Studio album by Bob Dylan
- Released: September 10, 1990
- Recorded: January, March–May 1990
- Studios: Oceanway, Record Plant, The Complex, Sorcerer
- Genre: Rock
- Length: 35:21
- Label: Columbia
- Producers: "Jack Frost" (Bob Dylan); Don Was; David Was;

Bob Dylan chronology
| Oh Mercy (1989) | Under the Red Sky (1990) | The Bootleg Series Volumes 1–3 (Rare & Unreleased) 1961–1991 (1991) |

Singles from Under the Red Sky
- "Unbelievable" Released: September 1990;

= Under the Red Sky =

Under the Red Sky is the twenty-seventh studio album by American singer-songwriter Bob Dylan. It was released on September 10, 1990, through Columbia Records. The album was produced by Don Was, David Was, and Dylan himself (under the pseudonym Jack Frost).

The album was largely greeted as a disappointing follow-up to 1989's critically acclaimed Oh Mercy. Most of the criticism was directed at the slick sound of rock producer Don Was, as well as a handful of tracks that seem rooted in children's nursery rhymes. It is a rarity in Dylan's catalog for its inclusion of celebrity cameos by Jimmie Vaughan, Slash, Elton John, George Harrison, David Crosby, Stevie Ray Vaughan, and Bruce Hornsby. The album was released to middling sales, peaking at number thirteen in the UK and number thirty-eight in the US.

==Dedication==
The album is dedicated to "Gabby Goo Goo", now thought to be Desiree Gabrielle Dennis-Dylan, Dylan's daughter by Carolyn Dennis, born on January 31, 1986.

==Recording==
Four songs from the album, "Handy Dandy", "10,000 Men", "God Knows", and "Cat's in the Well", were recorded in a single session in Los Angeles on January 6, 1990, before Dylan commenced a four-week tour. ("Handy Dandy" subsequently received overdubs.) Dylan biographer Clinton Heylin writes that Dylan finished recording the basic tracks for the album in mid-March 1990, but added new vocals to some tracks the following month, with instrumental overdub sessions extending into May 1990.
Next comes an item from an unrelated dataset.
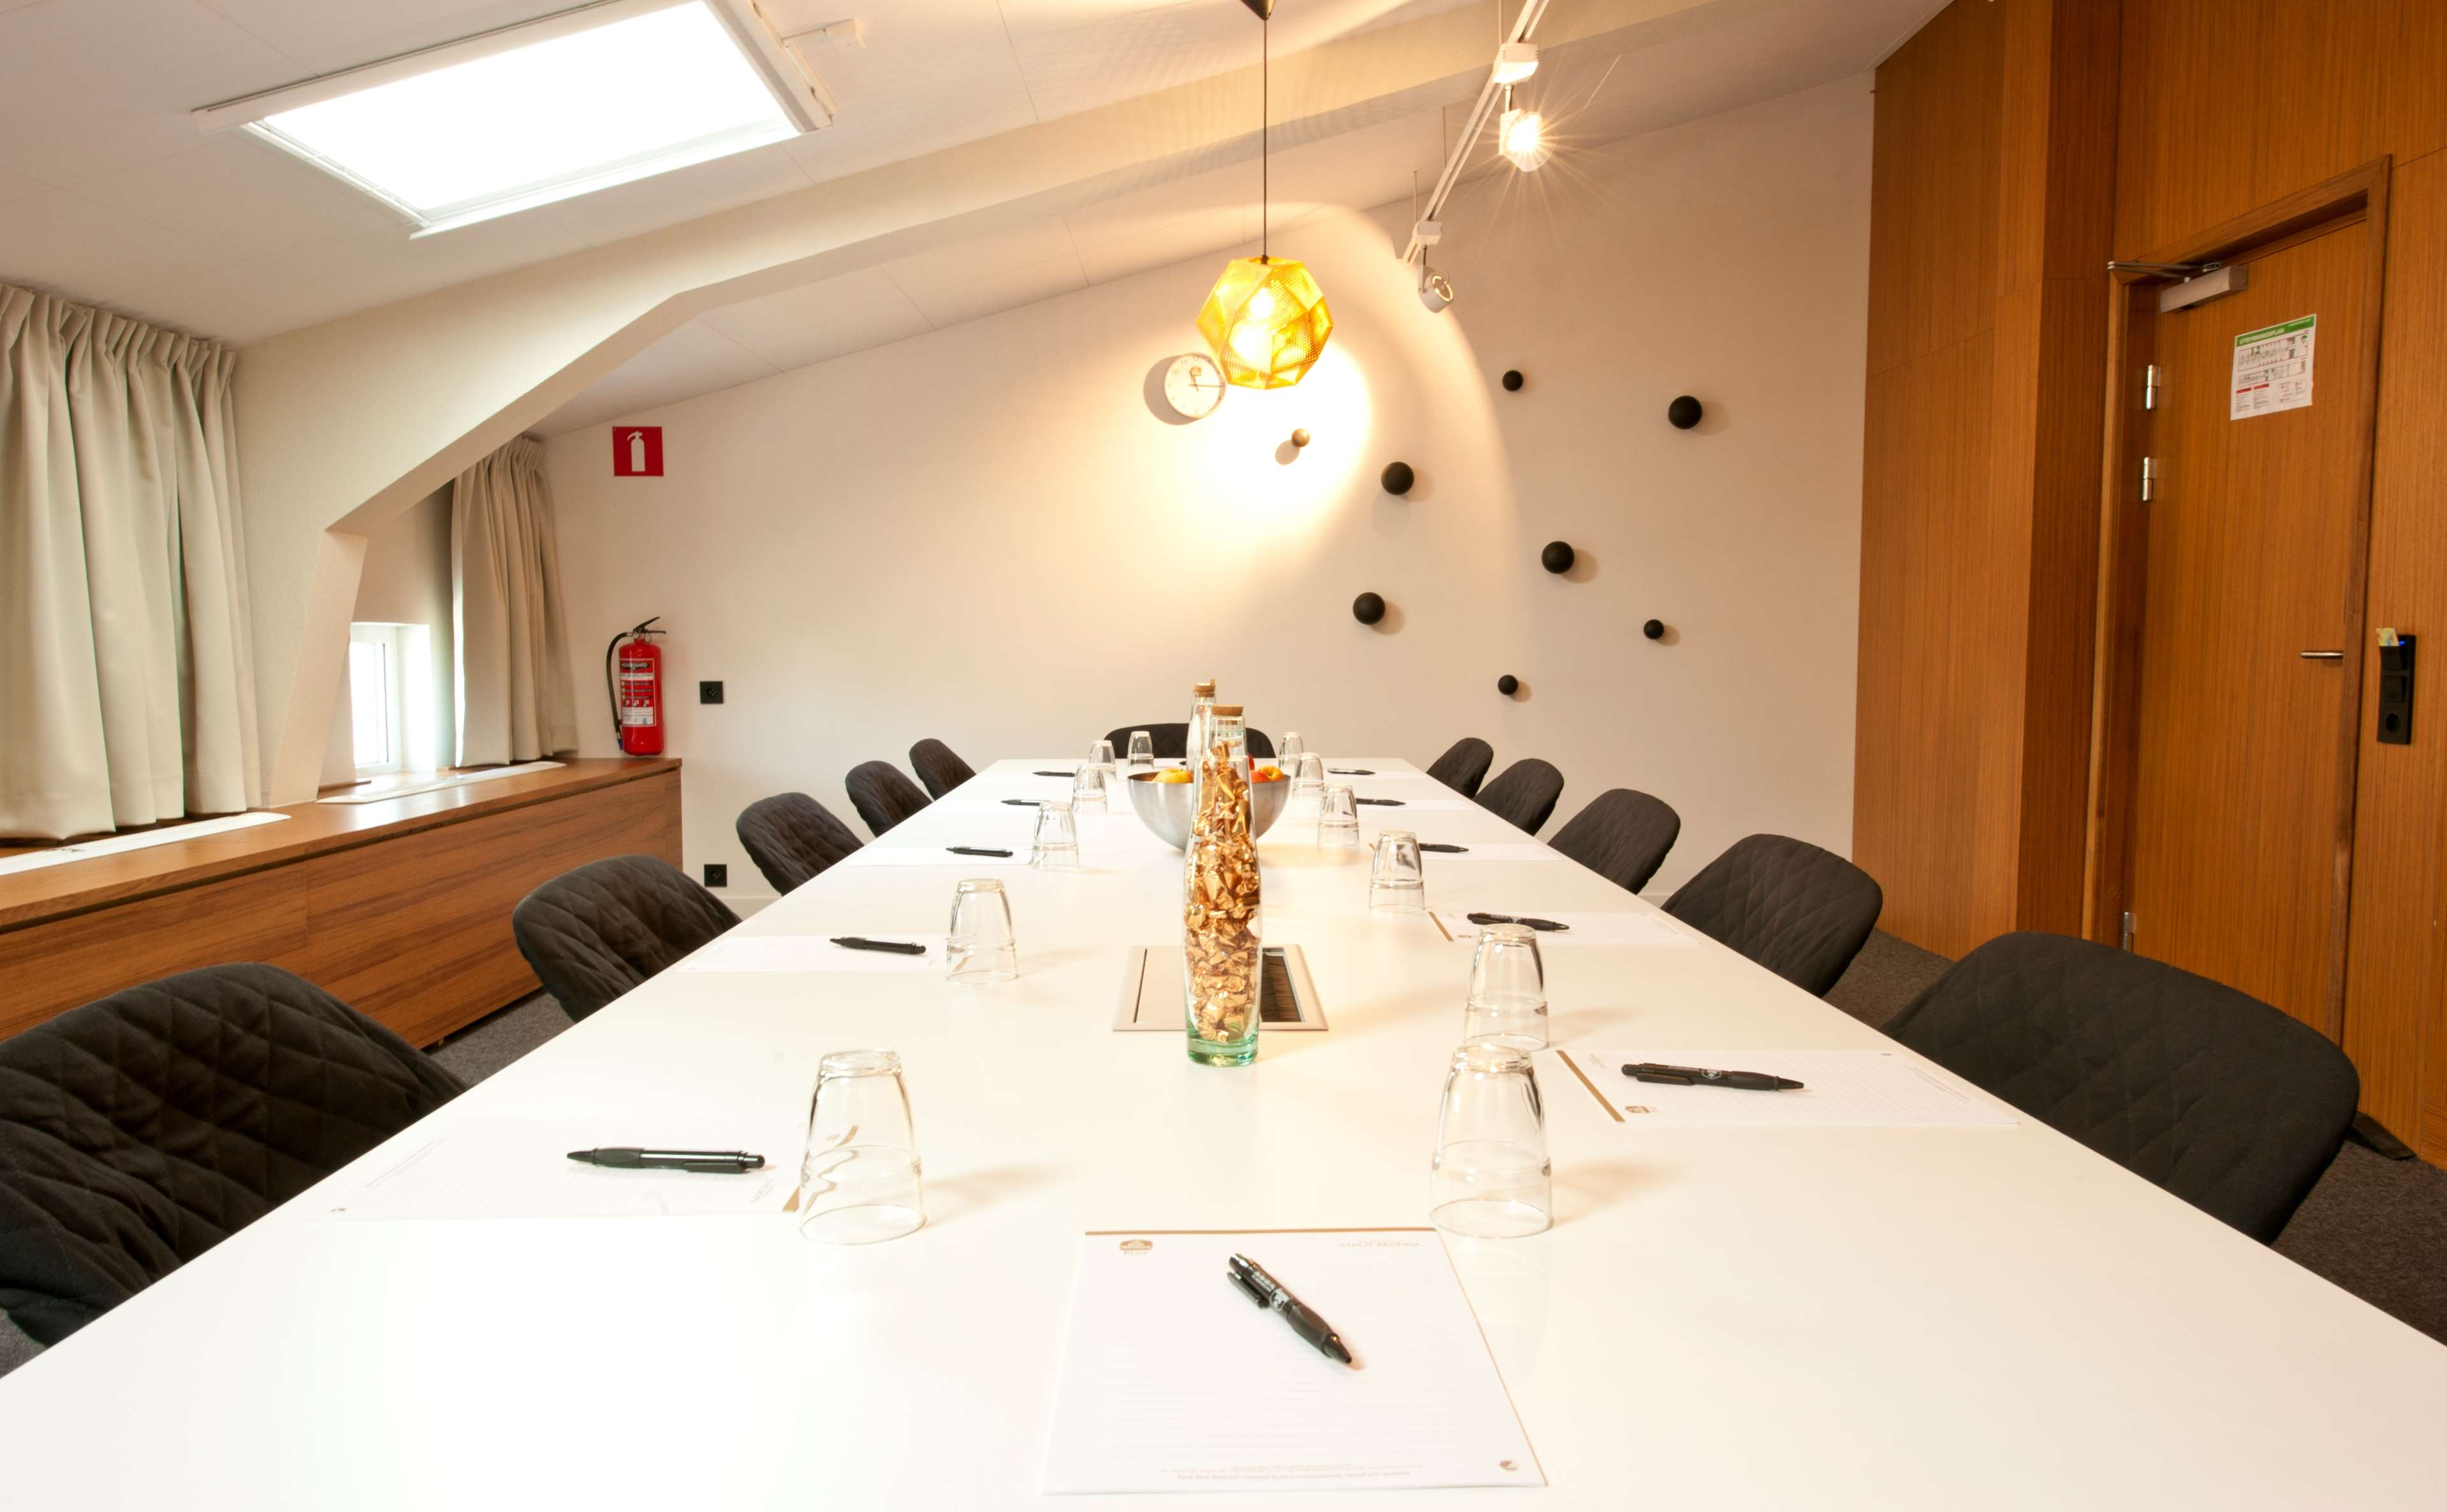 SAAB 2000 Meeting Room

Unlike the rest of his discography, the album features guest appearances by established artists, such as Bruce Hornsby, Elton John and George Harrison. Additionally, session musicians like pianist Al Kooper and guitarist Waddy Wachtel appear throughout.

The opener, "Wiggle Wiggle", features Slash. Dylan, said the Guns N' Roses guitarist, "is definitely one of the icons of rock 'n' roll, and he was one of the people my parents used to listen to. But it [working on the album] was just such a bad experience."
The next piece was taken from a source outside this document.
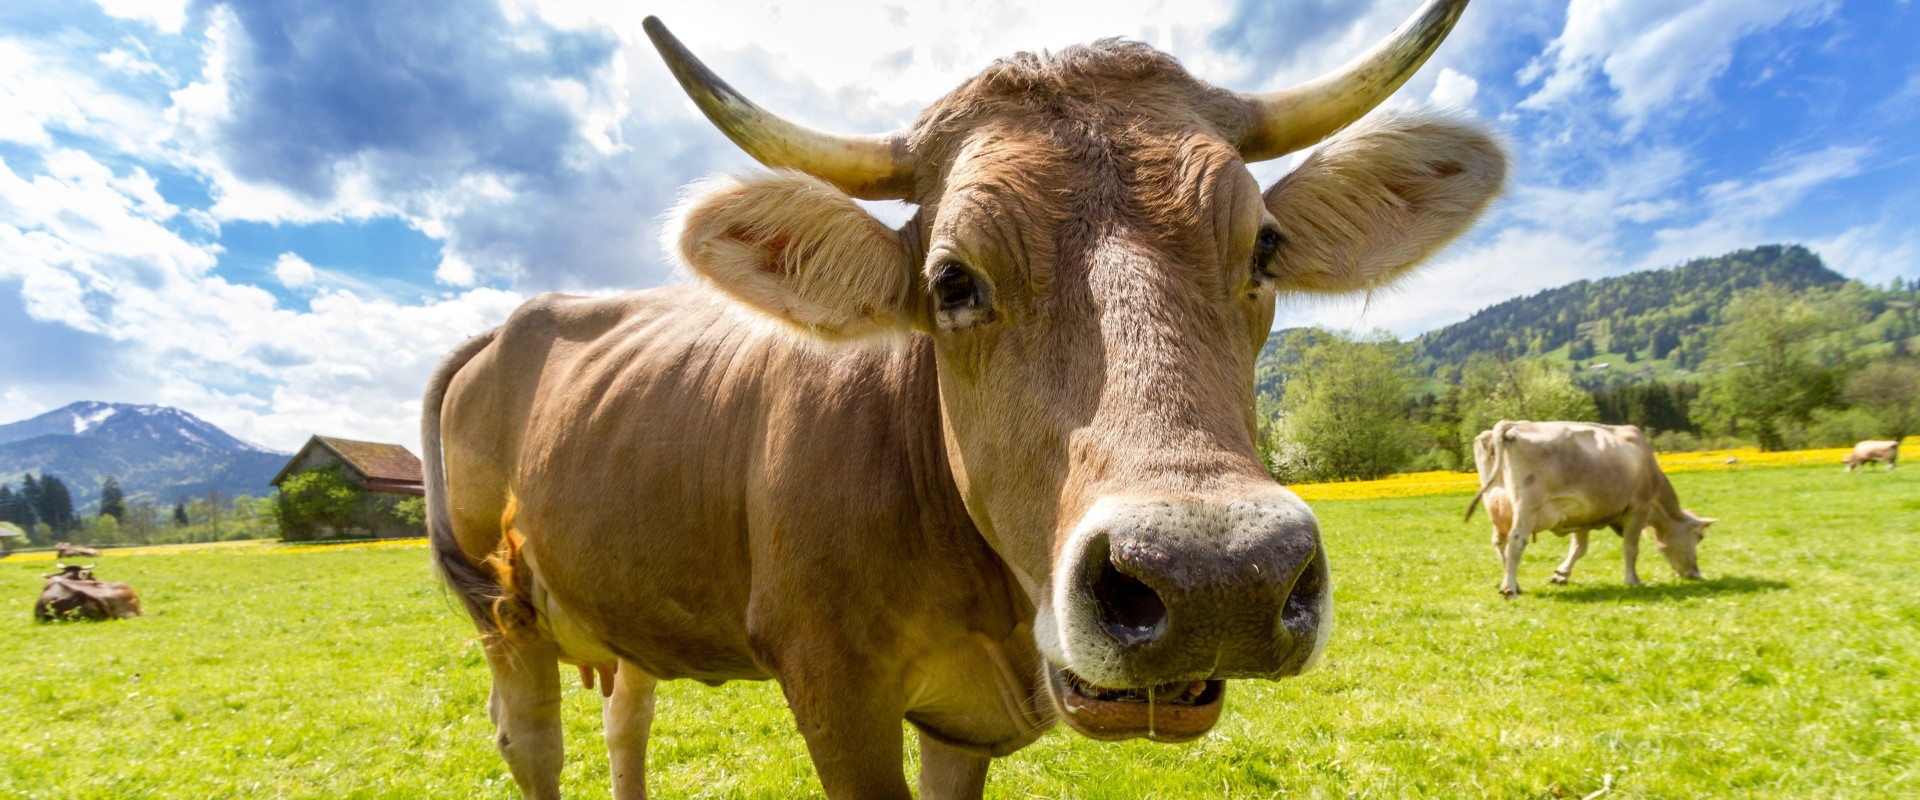 Hoe wordt leer gewonnen: van koe 🐮 tot tas 👜

"10,000 Men" features Stevie Ray Vaughan and the title track features a "fine guitar solo" by George Harrison. Heylin calls this an "important song", noting that it has been a staple of Dylan's performances.

"Born in Time" and "God Knows" are reworkings of material recorded at the previous year's Oh Mercy sessions. Versions of these songs from the Oh Mercy sessions feature on The Bootleg Series Vol. 8: Tell Tale Signs.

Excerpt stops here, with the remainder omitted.